My first experience with shamanic healing was through my spiritual enabler/therapist, L. A trim, raven-haired, woman with an aquiline nose, she had studied and practiced under the supervision of several founders of the psychedelic-assisted psychotherapy movement based in San Francisco. I was referred to L through an acquaintance that had met her through their own journey in spiritual healing. Although the introduction seemed quite accidental at the time, my life had recently entered a transitive period brought on by my wife’s midlife crisis and ongoing dissatisfaction with her life. L and I had first talked several times before in her home, situated semi-isolated in the quiet orchards of a small farming community. We had previously discussed my life – how it was that I found myself in the position of scapegoat for someone else’s misery, what I felt was missing from my life at this later stage, and what I wanted to change. She said the work that I must do will lead the way and if I surrender to the medicine I would get what I need.

While I felt that I could trust her, I was still rather nervous about what might (or might not) happen. I had only limited experience with the psychedelics – a few light mushroom trips in Alaska and Amsterdam that were never a part of an inward journey, as the therapy demands. As I lay down on a soft mattress with light Japanese flute music playing in the background, I felt a dizzy tingling feeling of warmth come over my head after several minutes. Next, a perception that the ground underneath me might somehow slip away led to a brief moment of anxiousness that was immediately perceptible to L, as she sat sentinel next to me. “Just let go” she said. And I did.

For the next three-four hours I took what can only be described as a journey back in time, back to the garden of my youth on Long Island. There I sat in the bright sunshine of a summer morning that seemed every bit as vivid and real as a moment in waking life, if not more so. Oddly, I felt a bit child-like, like an earlier version of myself, although older and more experienced as I am today. I sat in the lush green grass and examined flowers of every kind that I had long-forgotten – roses zinnias, marigolds, azaleas and more – all in bloom and each with their rush of brilliant color and own sweet scent. All the bushes, rocks and trees remained as they had been long ago, as if time had stood still, and I felt the warmth of the sun and gazed upwards at the azure-blue sky. I thought no thoughts, lived no worries, and forgot my usual dulled adult existence with its oft heavy burden of duties, responsibilities, and travails. I felt at great peace for the first time in many years and was so joyful that I could reach this place, where time had not moved. “You needed a vacation from your life – it’s what your soul desired”, she told me afterwards. And in that brief, yet amazing trip back to my childhood garden, I felt joy, tranquility, and self-love. I didn’t know it then, but this vacation from myself, from my narrative, marked my first steps to ascend the ladder of consciousness – to know who and what I really am.

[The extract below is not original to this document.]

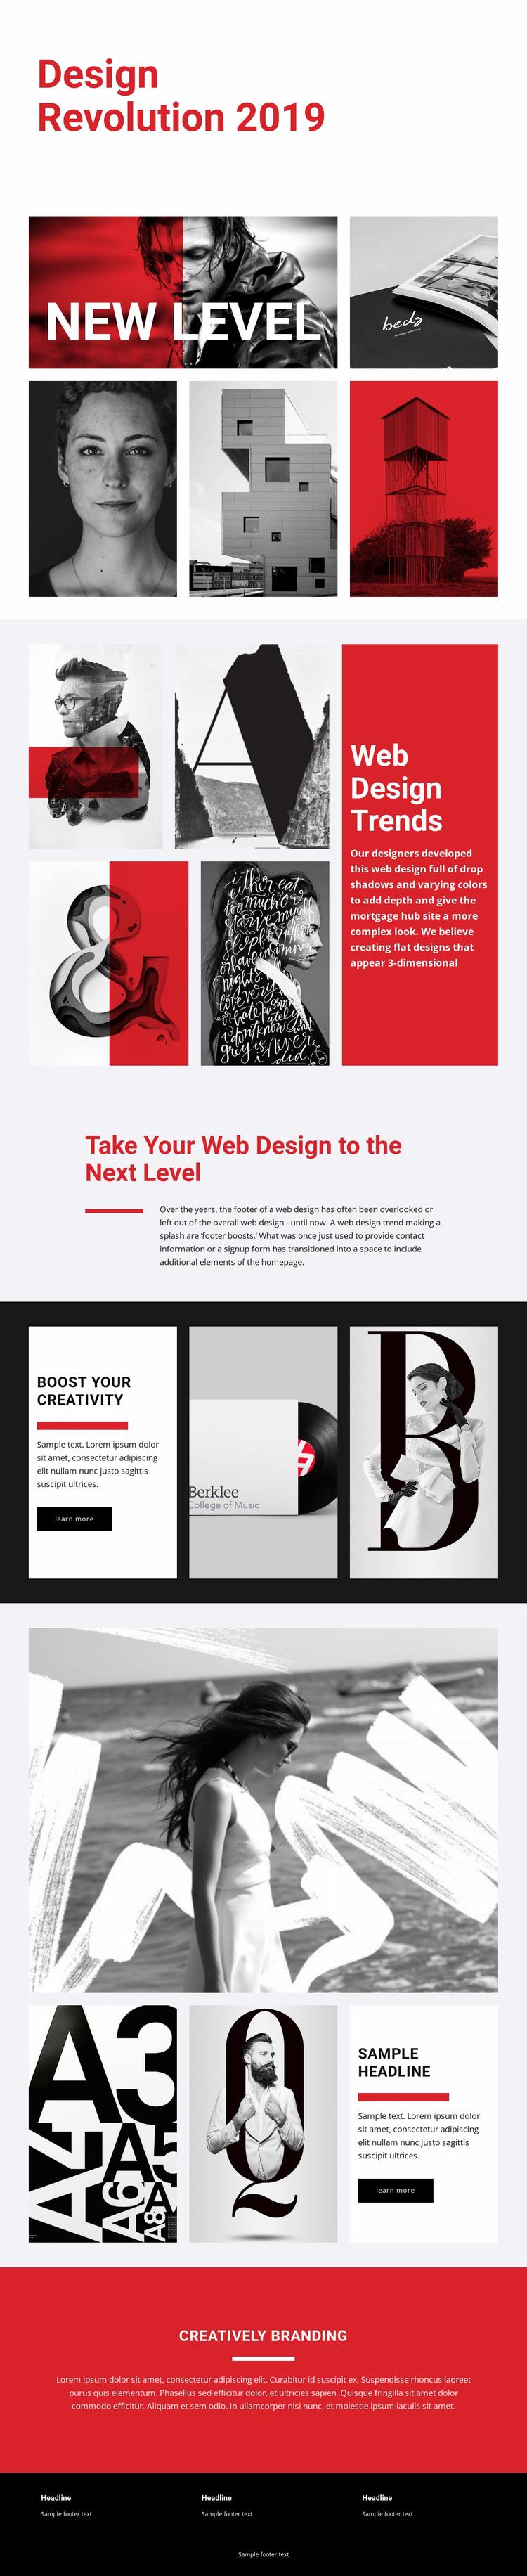 Revolution of designing art Website Design

Hours after this profound experience, I pondered greatly how a structurally simple molecule, could deliver such an intense experience of augmented consciousness. How could a chemical stimulate my mind to recreate (or at least perceive) what was long lost according to sequential time? Nay, rather than a re-creation it felt like I experienced a timeless state more real, more lucid, than how I usually experience the world. How does that come about? Either my unconscious is a masterful artist of realism (i.e. imaginative idealism) beyond compare or that the experience of time is but an illusion of our waking minds. I have no answers to persuade, only to say that the mind clearly creates the experience and the objects of experience through its perception of what is. The question of how is what is perceived when it comes from the interior of the mind and not via the usual external sensory perceptions of the body, which leads to our more shared or consensual view of what is. This knowledge is essential for our understanding the nature of the inner experience, whether it be purely imaginative or somehow tapped into, like hacking another dimension or accessing a simulation.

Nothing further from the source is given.